TASK REQUIREMENTS - The pictures in the data below are to be omitted; all else must be duplicated exactly.

EXERCISE DATA -
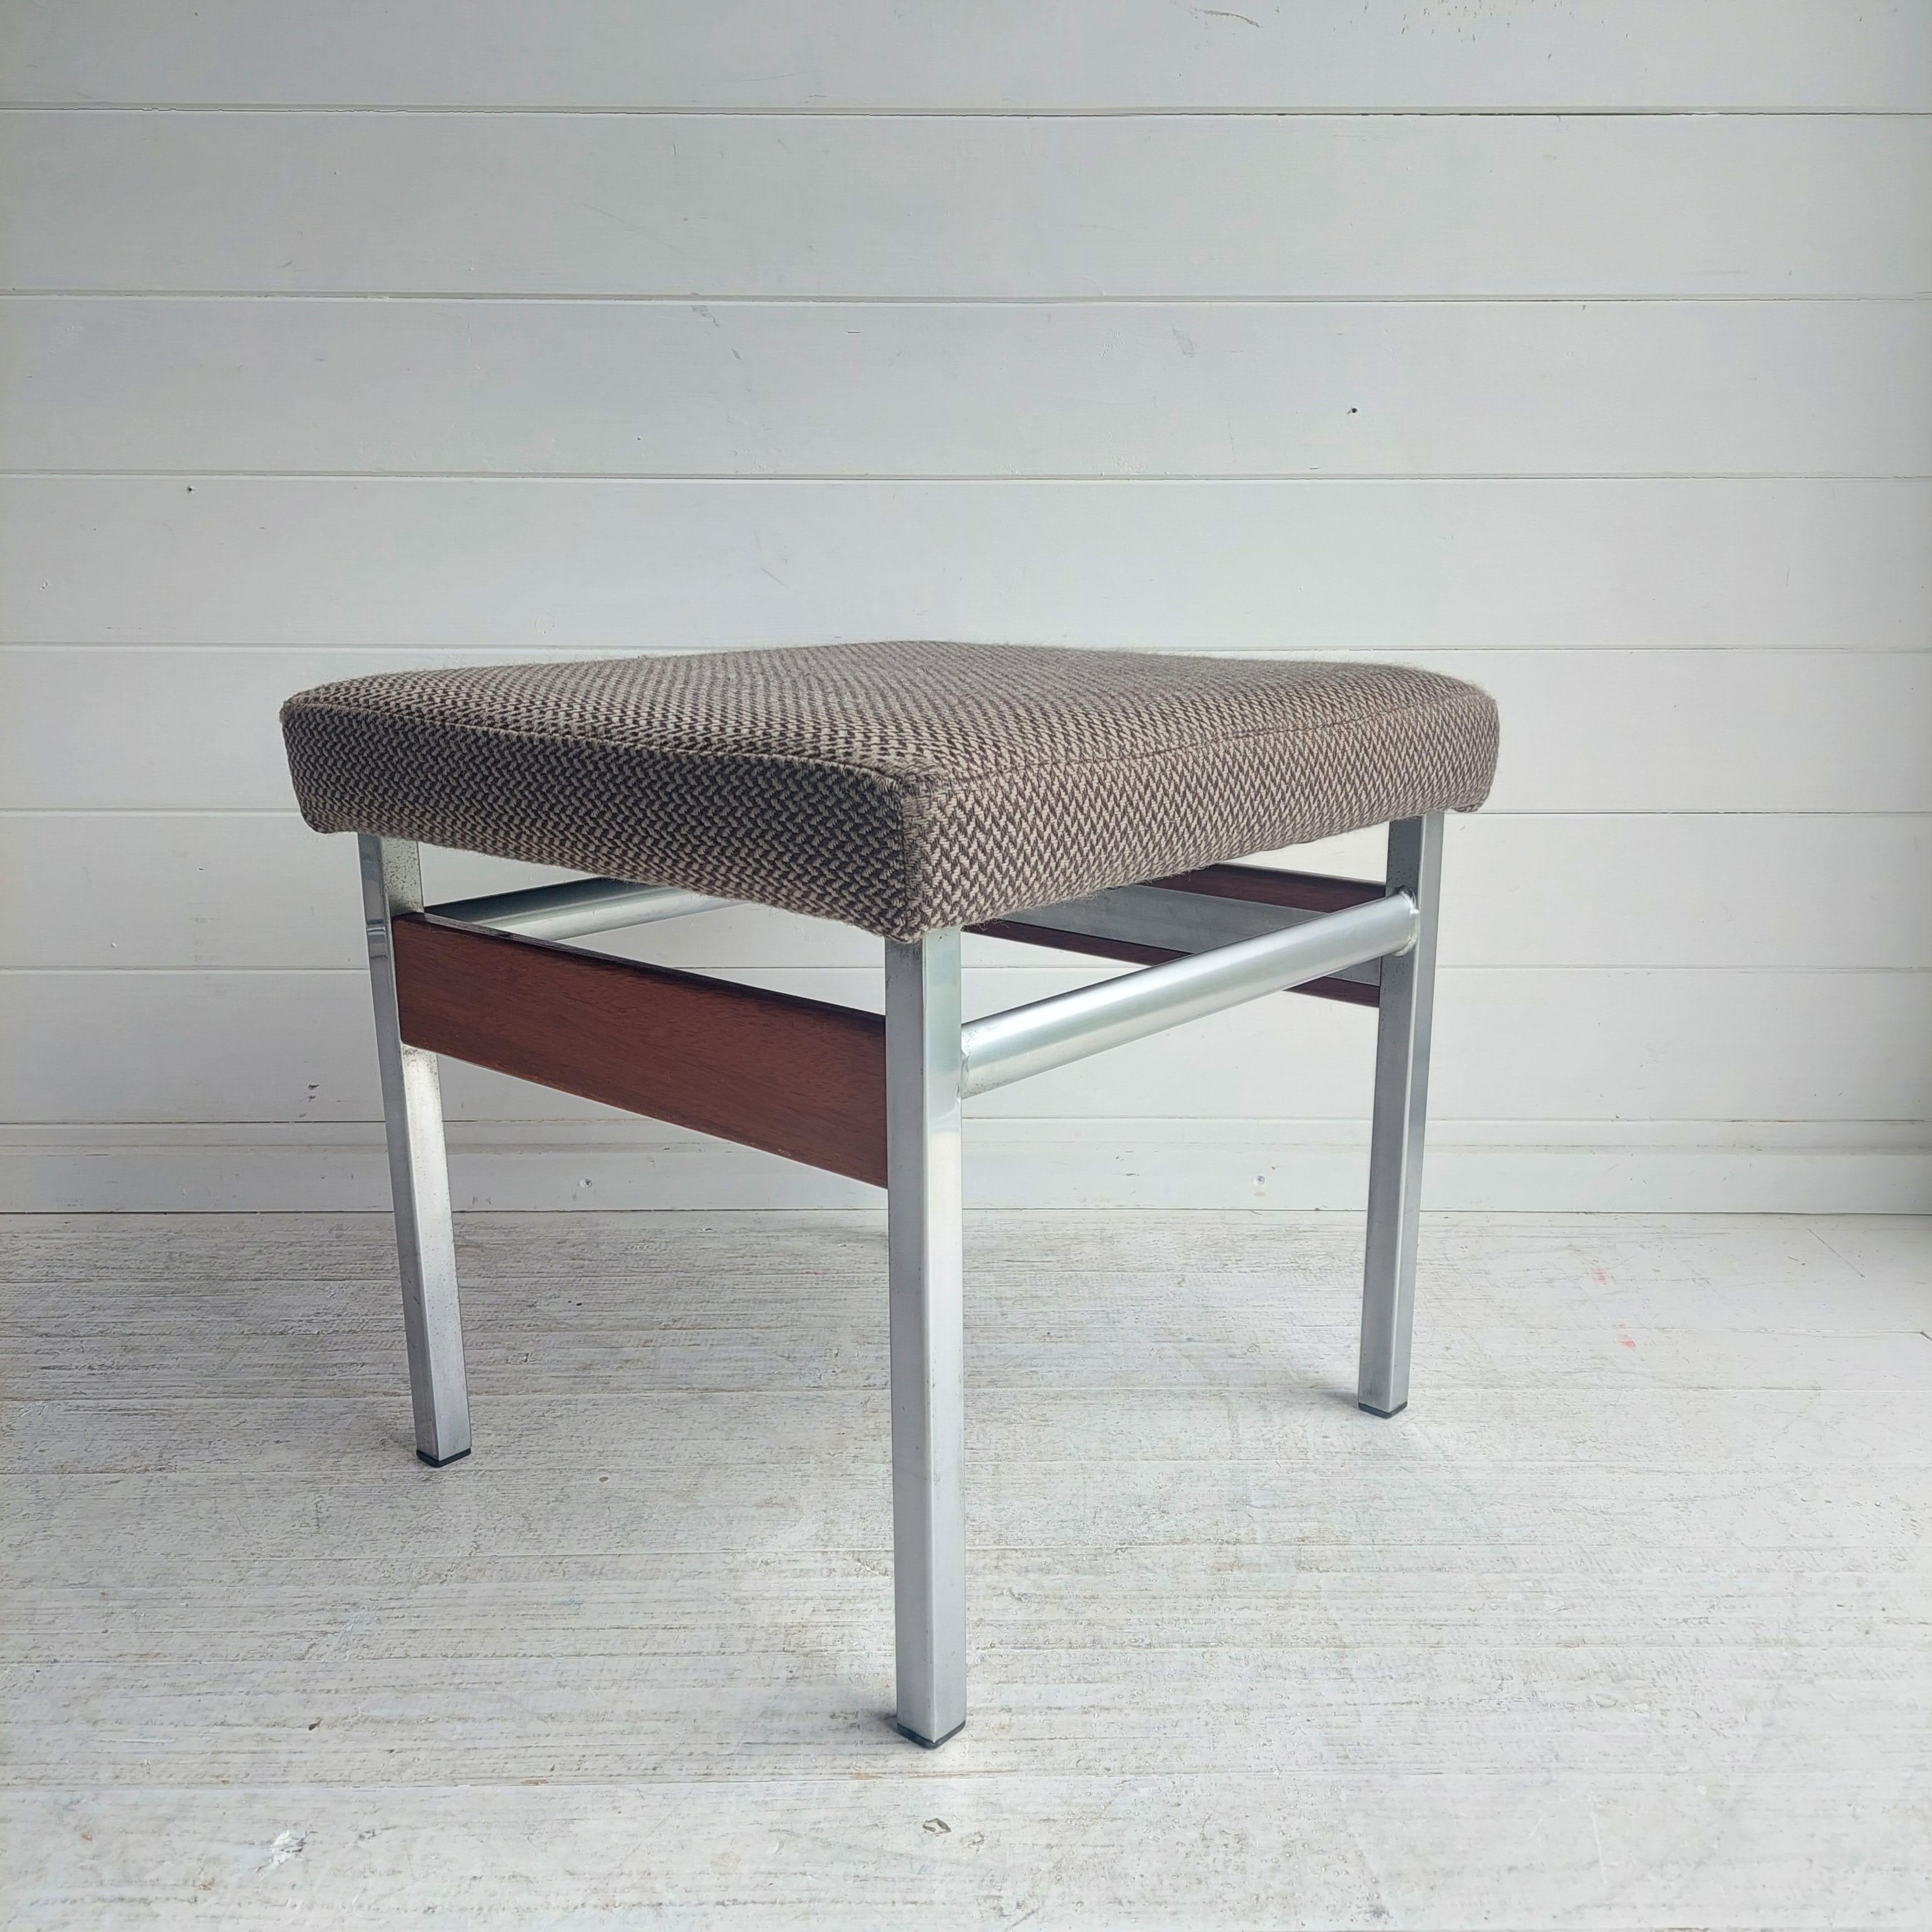 Mid Century Vintage footrest ottoman is made in typical mid-century style. 
The stool was made most probably in the 1960/70s.
Designed in the manner of Sven Ivar Dysthe for  Dokka Mobler, Norway.

The frame is manufactured from a combination of

SOLUTION TO THE PROBLEM -
 Mid Century Vintage footrest ottoman is made in typical mid-century style. 
The stool was made most probably in the 1960/70s.
Designed in the manner of Sven Ivar Dysthe for  Dokka Mobler, Norway.

The frame is manufactured from a combination of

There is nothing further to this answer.